Let $f_k(n), n = 1,2,3...$ be a sequence of random integer uniformly distributed in $[2,k]$ for some fixed $k \ge 3$. Let $l_n$ be the largest prime factor of $f_k(n)$. What is the probability that $l_{n+1} > l_n$? Experimental data shows that as $k$ increases, the probability approaches $1/2$ while for each smaller values of $k$ the empirical probabilities approaches the following values:
$$ k = 3, P \approx 1/4 \\ k = 4, P \approx 2/9 \\ k = 5, P \approx 5/16 \\ k = 6, P \approx 8/25 \\ k = 7, P \approx 13/36 \\ k = 8, P \approx 17/49 \\ k = 9, P \approx 22/64 \\ k = 10, P \approx 29/81 \\ k = 10^6, P \approx 0.4995 \\ k = 10^8, P \approx 0.4998 \\ $$
Question: Is there a closed form in terms of $k$ for the probability $P(l_{n+1} > l_n)$? For small value of $k$, the denominator appears to be $(k-1)^2$ which suggests that there could be a closed form whose limiting value as $k \to \infty$ is $1/2$. I could not find the sequence of the numerators in OEIS.
SageMath Code
k = 10
t1 = randrange(2,1+k)
t2 = randrange(2,1+k)
f1 = prime_factors(t1)
f1 = f1[len(f1) - 1]
g = 0
i = 0
step = 10^6
target = step
while True:
i = i + 1
f2 = prime_factors(t2)
f2 = f2[len(f2) - 1]
if f2 > f1:
g = g + 1
if i == target:
print(i, g/i.n())
target = target + step
t1 = t2
f1 = f2
t2 = randrange(2,1+k)
The $n$ is not really a meaningful part of the question. Really you're just taking two random integers in $[2,k]$ and comparing their highest factor. The occurence of $(k-1)^2$ in the denominator is thus just an artefact of the sample space. Some simple cases are illustrative: Fix $k$, and let $X,Y$ be random integers in $[2,k]$. We write a tick if the largest prime factor of $X$ is bigger than the largest prime factor of $Y$, and a cross otherwise.
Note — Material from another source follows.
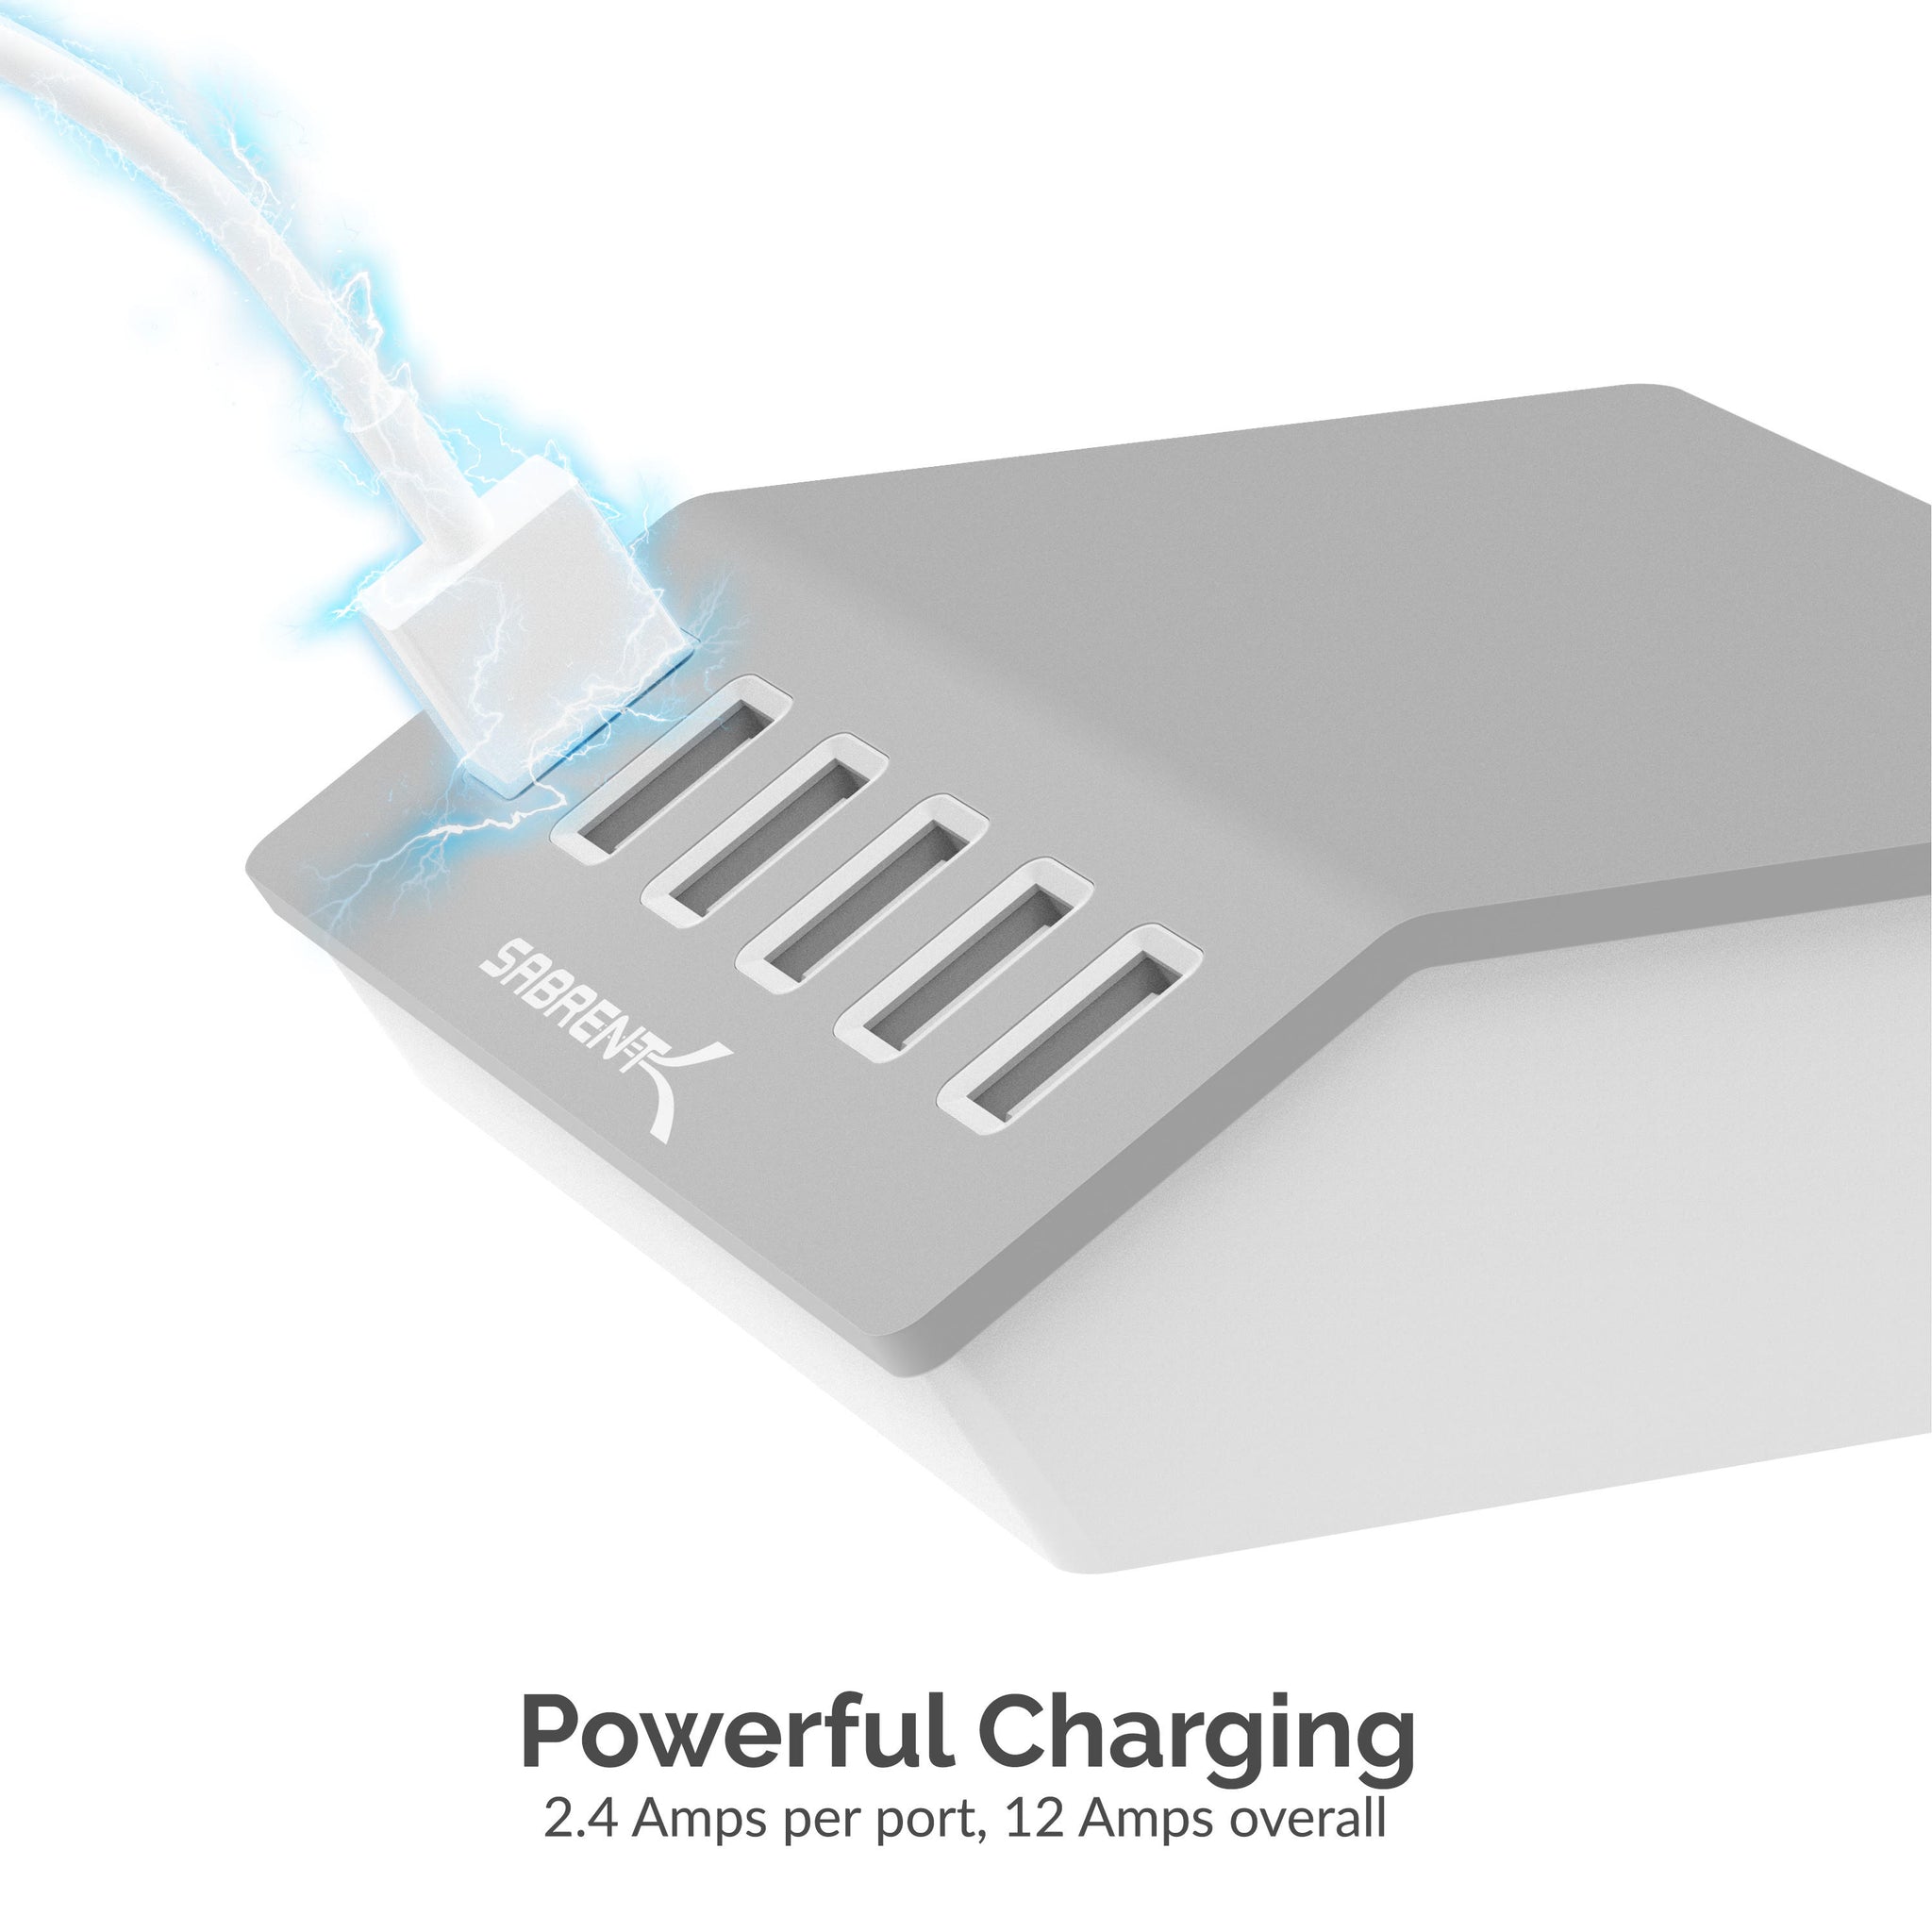 SABRENT 100 Watt 8-Port USB Rapid Charger [UL Certified ] - Includes 2 PD +  [6-Pack] Premium 6FT USB-C to USB A 2.0 Sync and Charge Cables

$$ \begin{array} {|r|r|}\hline & 2 & 3 \\ \hline 2 & \times & \checkmark \\ \hline 3 & \times & \times \\ \hline \end{array} $$
$$ \begin{array} {|r|r|}\hline & 2 & 3 & 4 \\ \hline 2 & \times & \checkmark & \times \\ \hline 3 & \times & \times & \times \\ \hline 4 & \times & \checkmark & \times \\ \hline \end{array} $$
giving the results $1/4$, $2/9$ respectively.
Recall that an $n$-smooth number is an integer whose prime factors are all less than or equal to $n$. Say a number is "strictly" $n$-smooth if it is $n$-smooth and not $n-1$-smooth.
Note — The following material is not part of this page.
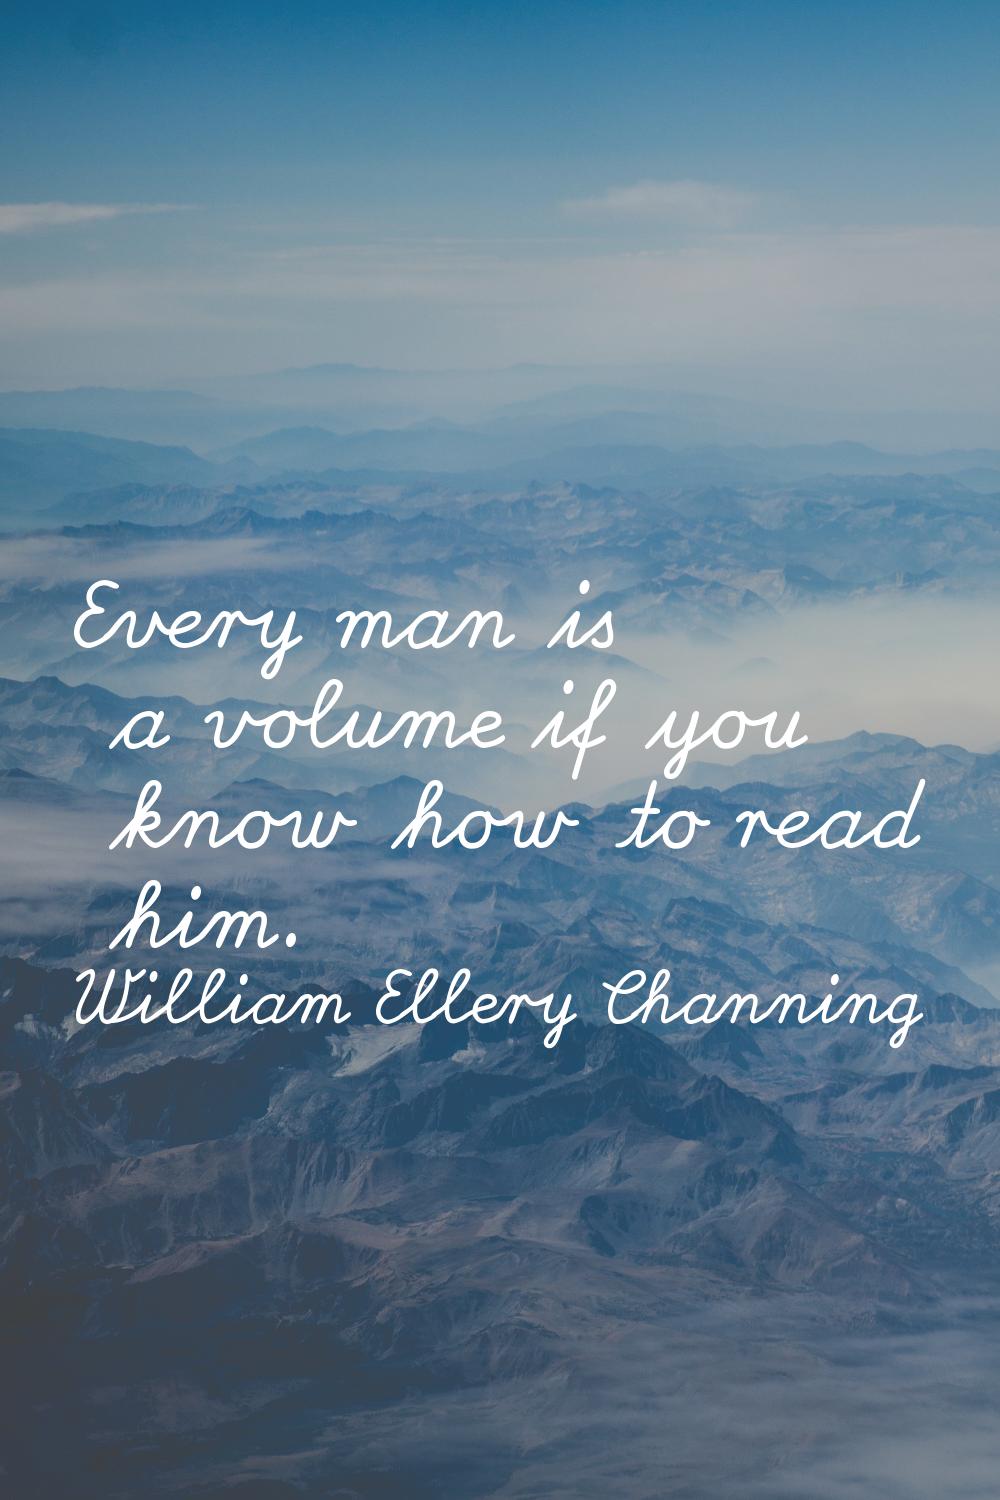 Every man is a volume if you know how to read him.

In general, the tables above can be extended to all integers, and the sample space for a given $k$ is just the upper-left $k\times k$ grid. Say $x$ goes along the top and $y$ along the side.
I'm not sure whether there's an explicit formula for the probability. I think you can prove the limiting behaviour, though. Below I have extended the table up to $k=10$.
$$ \begin{array} {|r|r|}\hline & 2 & 3 & 4 & 5 & 6 & 7 & 8 & 9 & 10 \\ \hline 2 & = & > & = & > & > & > & = & > & > \\ \hline 3 & < & = & < & > & = & > & < & = & > \\ \hline 4 & = & > & = & > & > & > & = & > & > \\ \hline 5 & < & < & < & = & < & > & < & < & = \\ \hline 6 & < & = & < & > & = & > & < & = & > \\ \hline 7 & < & < & < & < & < & = & < & < & < \\ \hline 8 & = & > & = & > & > & > & = & > & > \\ \hline 9 & < & = & < & > & = & > & < & = & < \\ \hline 10 & < & < & < & = & < & > & < & < & = \\ \hline \end{array} $$
Rather than just saying "bigger" or "not bigger" I've populated each cell with whether $X=Y$, $X>Y$ or $X<Y$. This has the advantage that the table is "antisymmetric": A $>$ in position $(i,j)$ implies a $<$ in position $(j,i)$, vice versa. As a result, the limiting probability $P_>$ is just
$$P_> = \frac12 (1-P_=)$$
and we're done if $P_=$ (the probability of choosing elements with an equal highest prime factor) is 0 in the limit. Denote by $\Phi(x,y)$ the number of strictly $y$-smooth numbers in $[2,k]$. Then there is a formula for the number of equal pairs in the table up to $k$ each way.
$$(k-1)^2 P_=(k) = \sum_{p \le k} \Phi(k, p)^2$$
where the sum is over all primes $p$ up to $k$. For example, with $k=8$, the sum is $3^2 + 2^2 + 1^2 + 1^2 = 15$, and $\frac12 (1 - \frac{15}{49}) = \frac{17}{49}$, as you calculated.
But clearly there are no more than $\pi(k)$ terms in this sum, and the biggest term is $\log_2(k)^2$, so we have a value for the probability of approximately
$$P_=(k) = \frac{1}{(k-1)^2} \frac{k}{\log k} \log_2(k)^2 \sim \frac{\log k}{k} \to 0$$